----- Supplied data

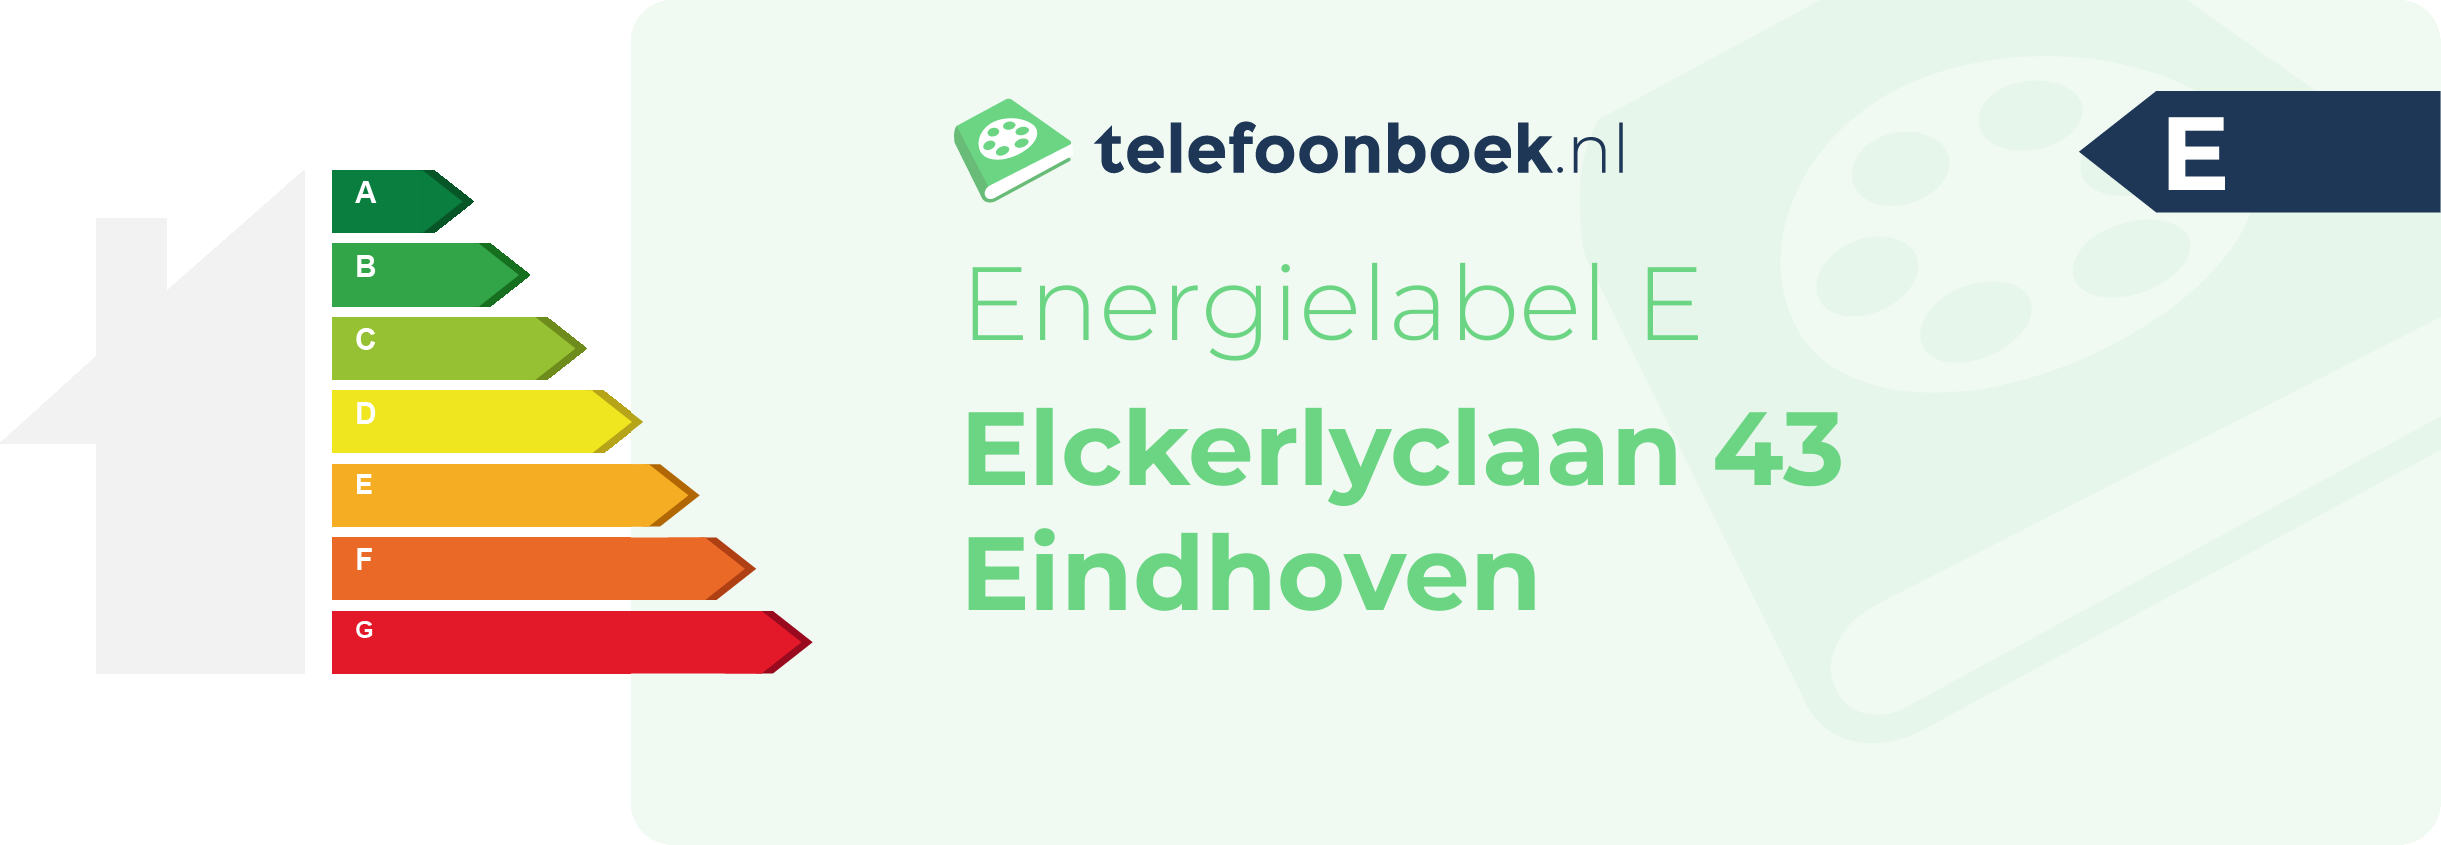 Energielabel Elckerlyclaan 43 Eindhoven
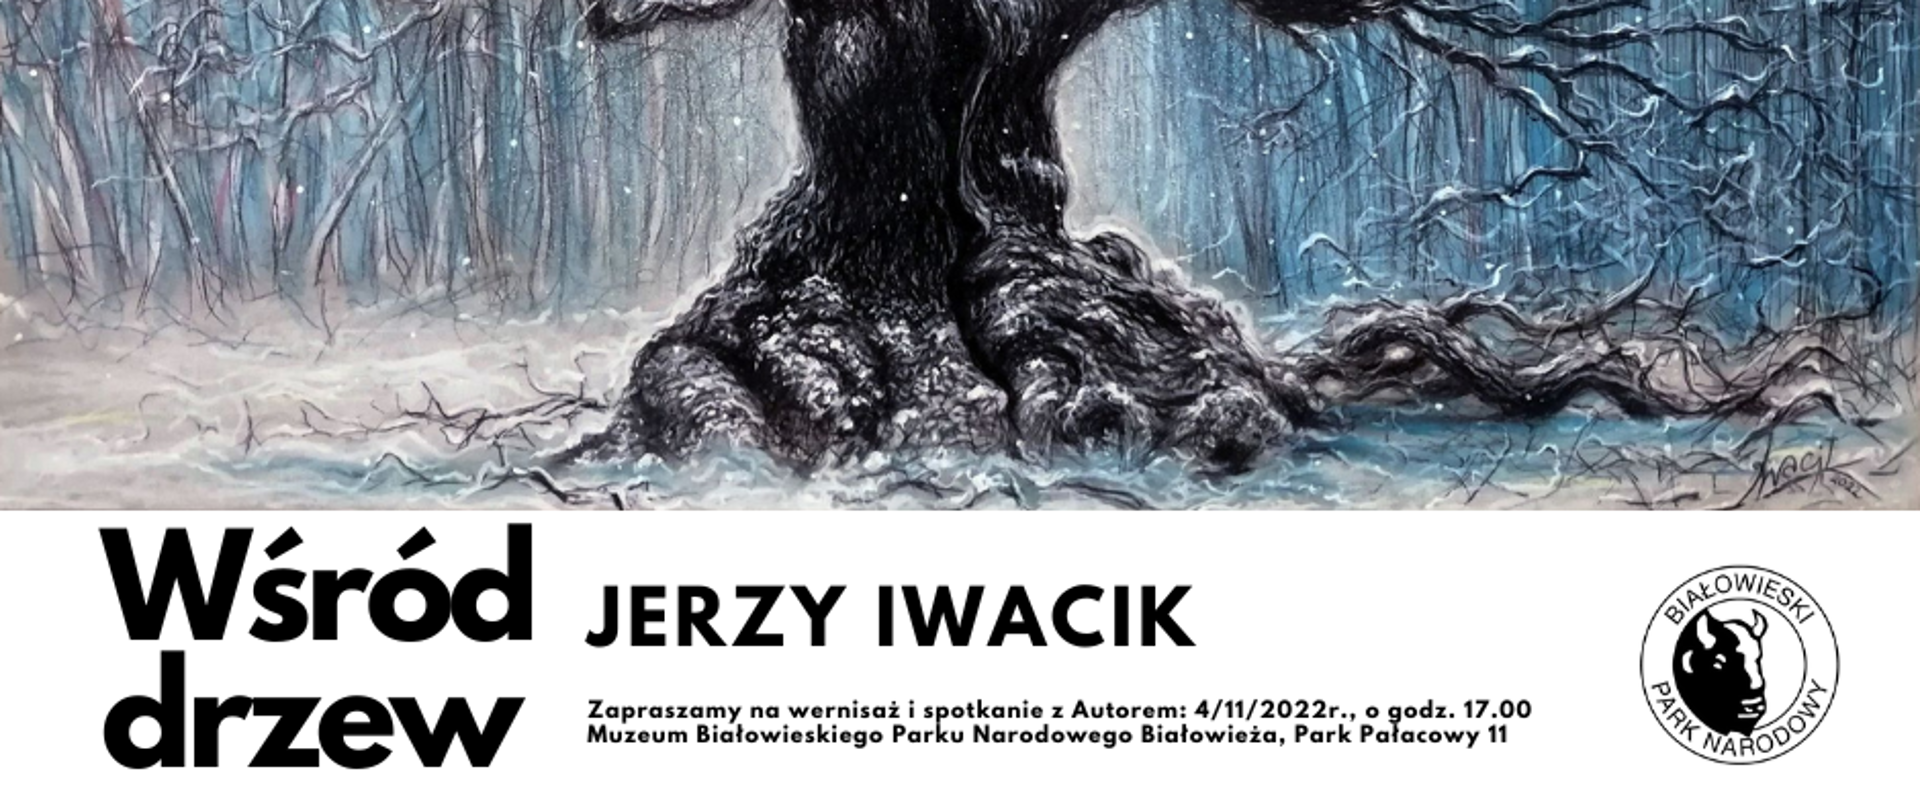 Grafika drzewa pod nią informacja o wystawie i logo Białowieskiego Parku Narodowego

----------
----- Supplied data

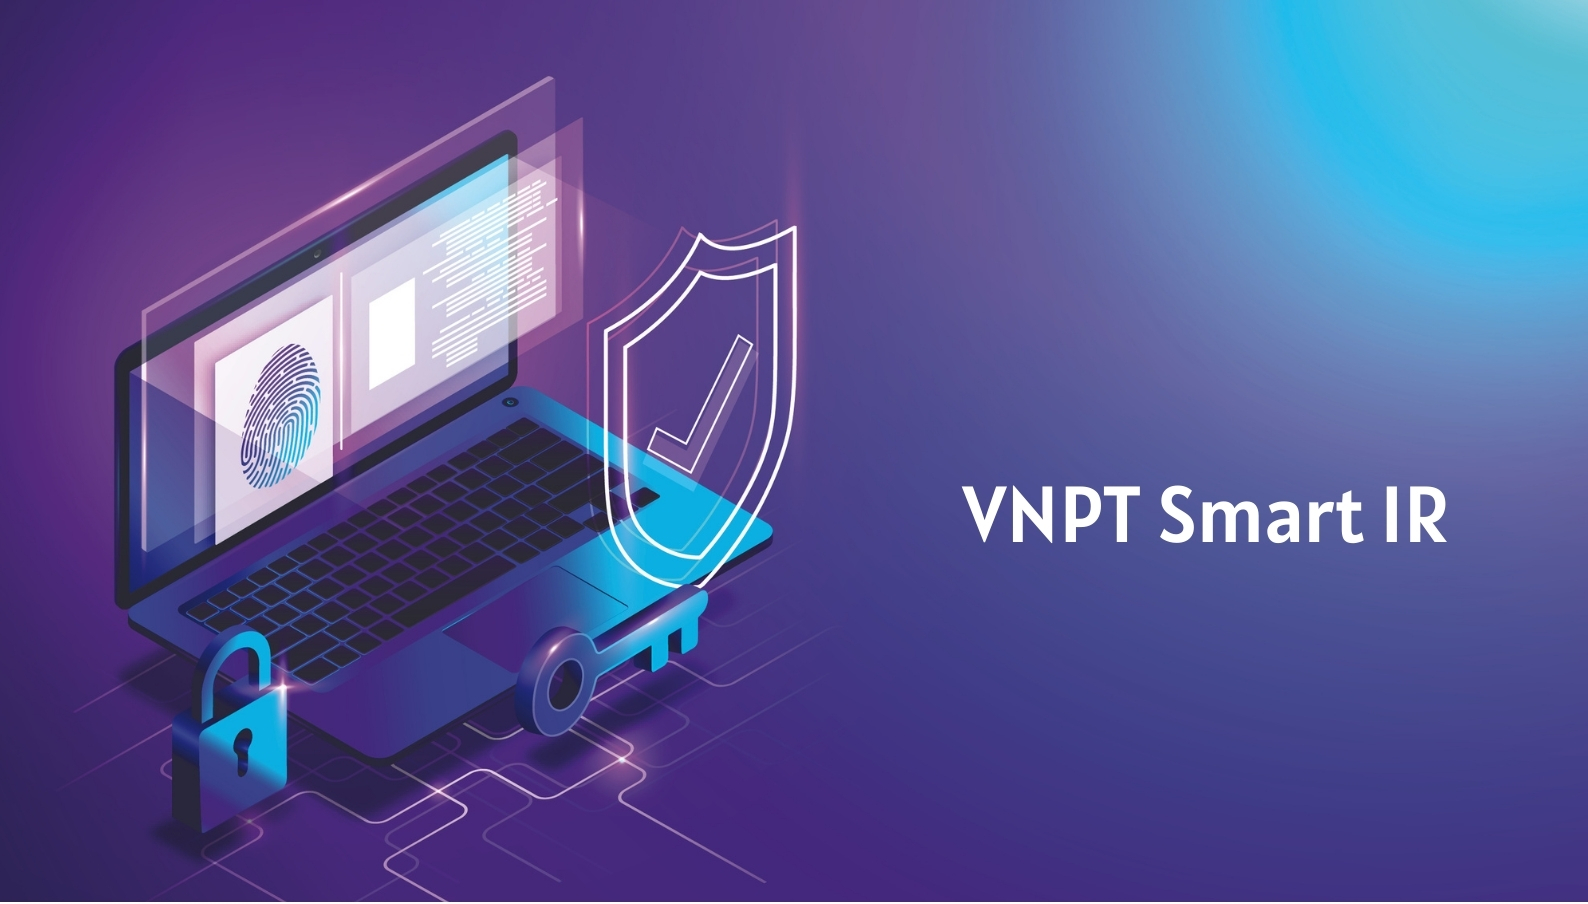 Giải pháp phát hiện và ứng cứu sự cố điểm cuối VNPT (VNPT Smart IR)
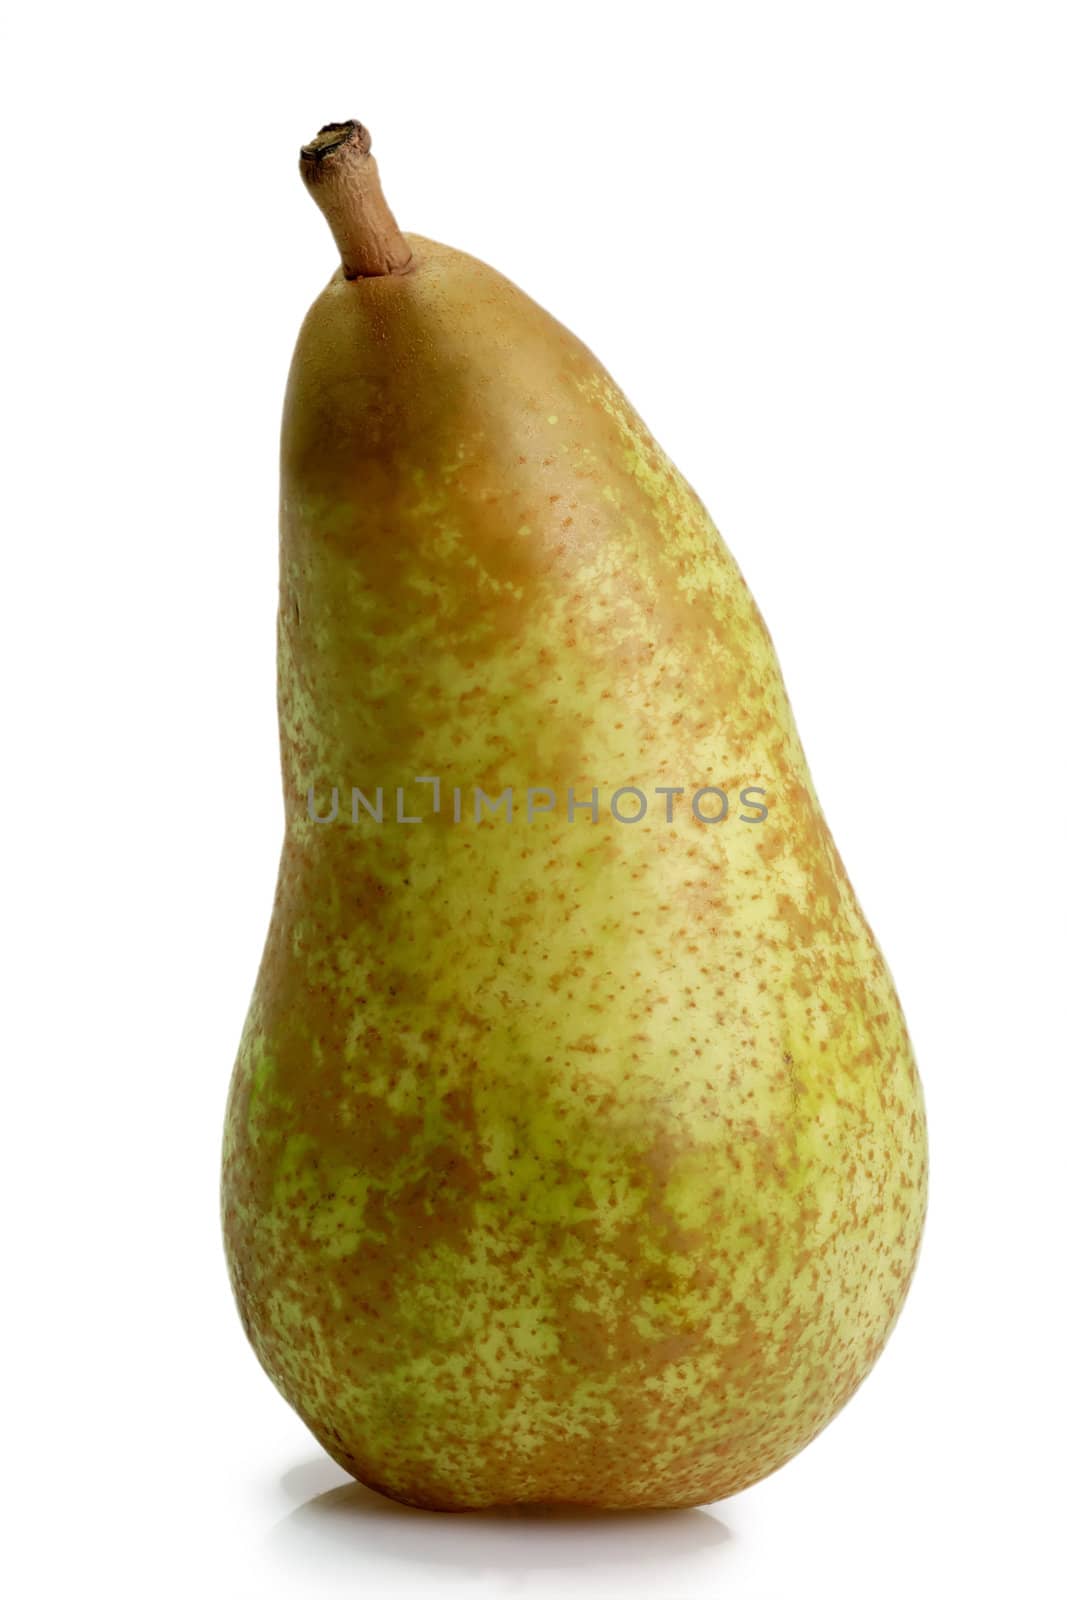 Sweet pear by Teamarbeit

----------

= Work required =
Copy out the listing above from the line containing "Energielabel Elckerlyclaan 43 Eindhoven" to the line containing "Grafika drzewa pod", both included, exactly as written and minus the images.

= Answer to this problem =
 Energielabel Elckerlyclaan 43 Eindhoven
 Grafika drzewa pod nią informacja o wystawie i logo Białowieskiego Parku Narodowego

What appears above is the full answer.